James Gowans posted 13 patches 2 months, 2 weeks ago
drivers/iommu/amd/iommu.c                   |   4 +-
drivers/iommu/arm/arm-smmu-v3/arm-smmu-v3.c |   3 +-
drivers/iommu/intel/Makefile                |   1 +
drivers/iommu/intel/dmar.c                  |   1 +
drivers/iommu/intel/iommu.c                 |  84 ++++++--
drivers/iommu/intel/iommu.h                 |  31 +++
drivers/iommu/intel/serialise.c             | 174 ++++++++++++++++
drivers/iommu/iommufd/Makefile              |   1 +
drivers/iommu/iommufd/hw_pagetable.c        |   5 +-
drivers/iommu/iommufd/io_pagetable.c        |   2 +-
drivers/iommu/iommufd/ioas.c                |  26 +++
drivers/iommu/iommufd/iommufd_private.h     |  34 ++++
drivers/iommu/iommufd/main.c                |  75 ++++++-
drivers/iommu/iommufd/selftest.c            |   1 +
drivers/iommu/iommufd/serialise.c           | 213 ++++++++++++++++++++
fs/guestmemfs/file.c                        |  25 +++
fs/guestmemfs/guestmemfs.h                  |   1 +
fs/guestmemfs/inode.c                       |   4 +
include/linux/guestmemfs.h                  |  15 ++
include/linux/iommu.h                       |  16 +-
include/uapi/linux/iommufd.h                |   5 +
21 files changed, 698 insertions(+), 23 deletions(-)
create mode 100644 drivers/iommu/intel/serialise.c
create mode 100644 drivers/iommu/iommufd/serialise.c
[RFC PATCH 00/13] Support iommu(fd) persistence for live update
Posted by James Gowans 2 months, 2 weeks ago
Live update is a mechanism to support updating a hypervisor in a way
that has limited impact to running virtual machines. This is done by
pausing/serialising running VMs, kexec-ing into a new kernel, starting
new VMM processes and then deserialising/resuming the VMs so that they
continue running from where they were. When the VMs have DMA devices
assigned to them, the IOMMU state and page tables needs to be persisted
so that DMA transactions can continue across kexec.

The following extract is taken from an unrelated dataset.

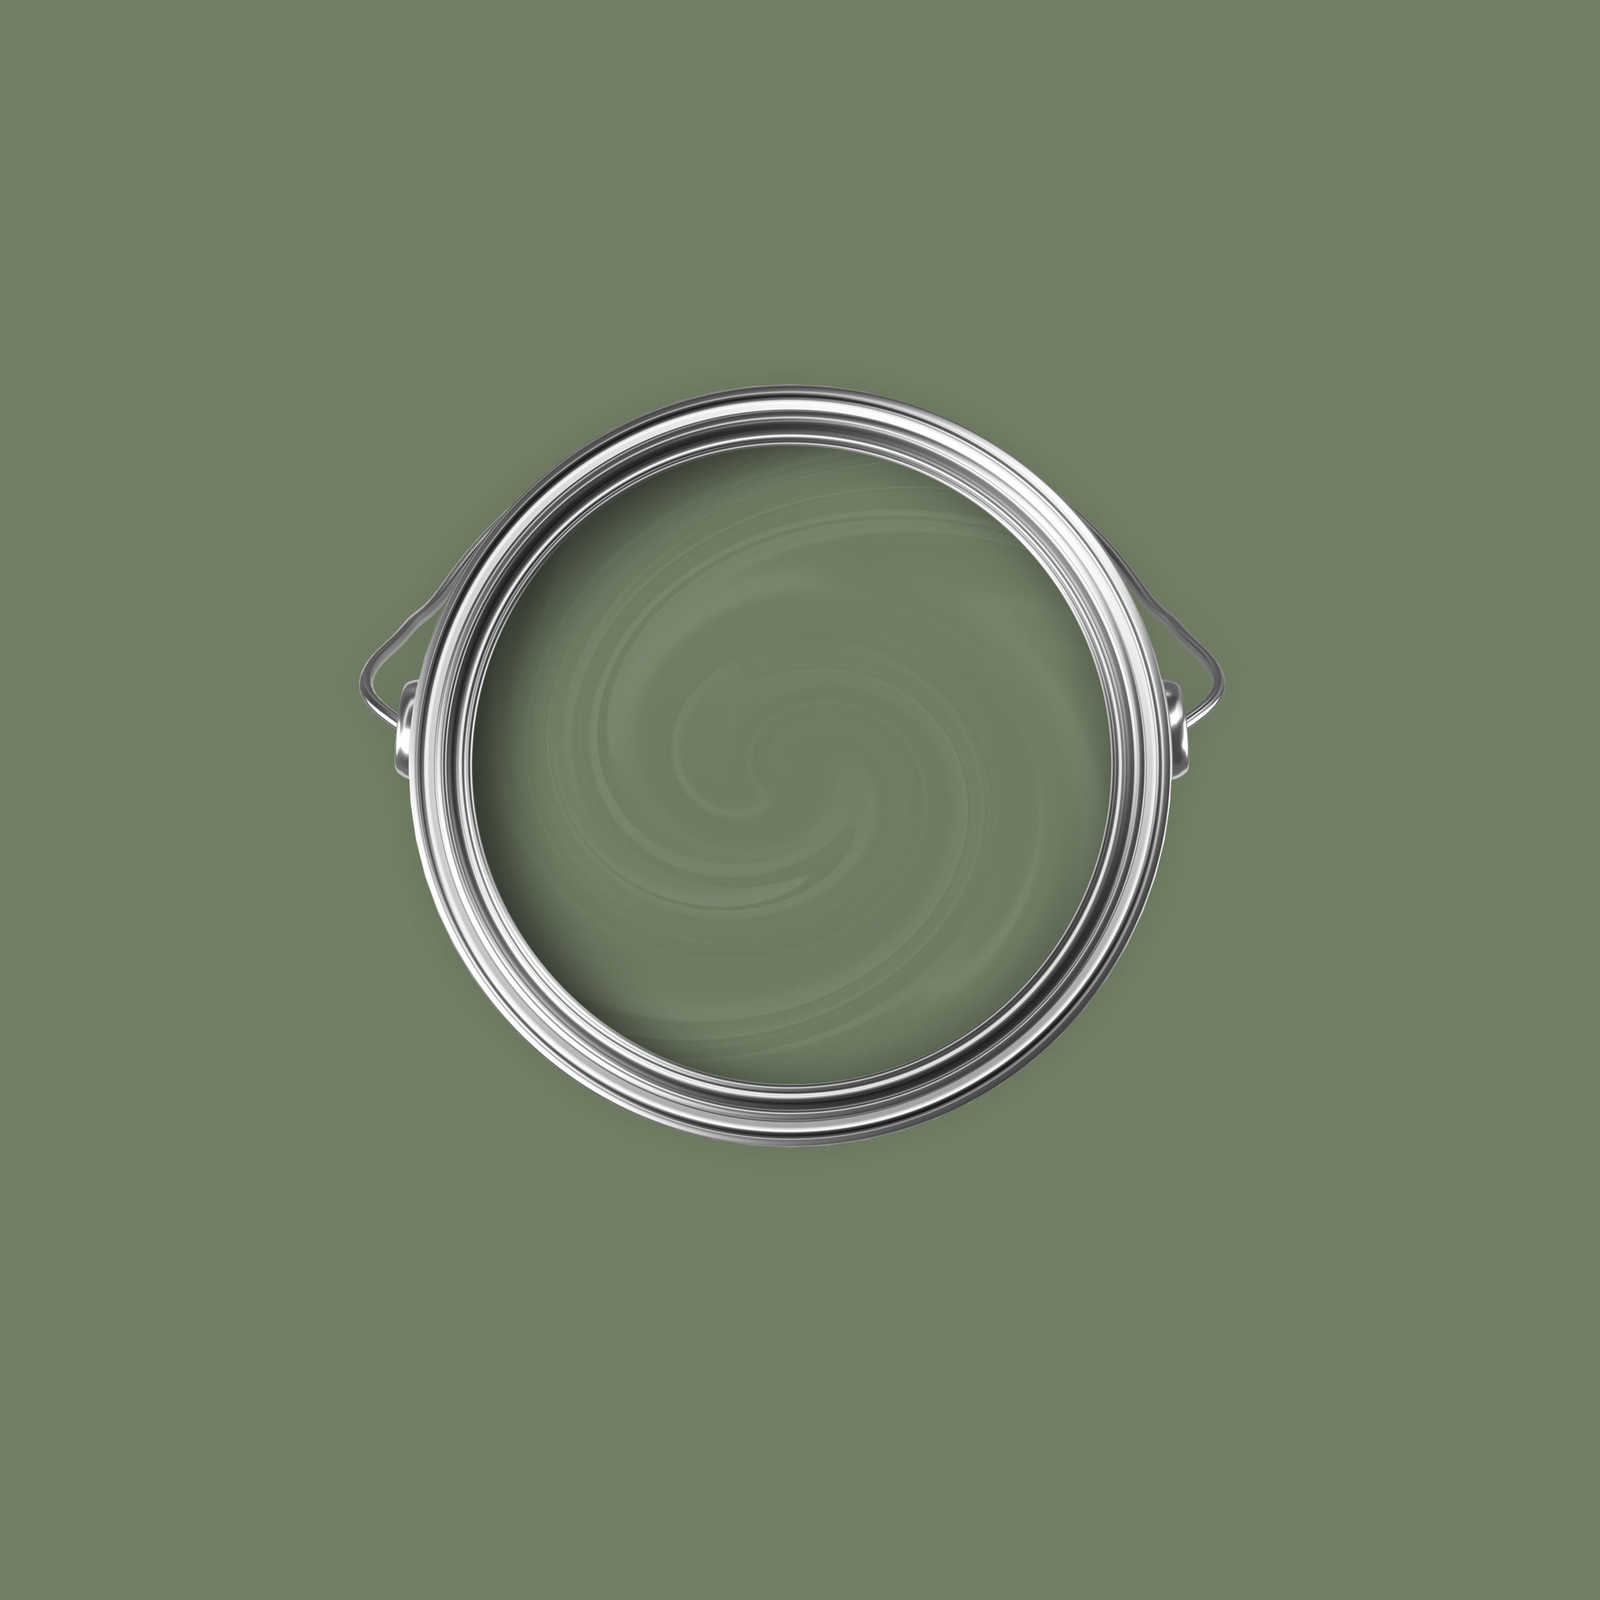             Pintura mural Premium relajante verde oliva »Gorgeous Green« NW504 – 2,5 litro

Currently there is no mechanism in Linux to be able to continue running DMA
across kexec, and pick up handles to the original DMA mappings after
kexec. We are looking for a path to be able to support this capability
which is necessary for live update.  In this RFC patch series a
potential solution is sketched out, and we are looking for feedback on
the approach and userspace interfaces.

This RFC is intended to serve as the discussion ground for a Linux
Plumbers Conf 2024 session on iommu persistence:
https://lpc.events/event/18/contributions/1686/
... and a BoF session on memory persistence in general:
https://lpc.events/event/18/contributions/1970/
Please join those to further this discussion.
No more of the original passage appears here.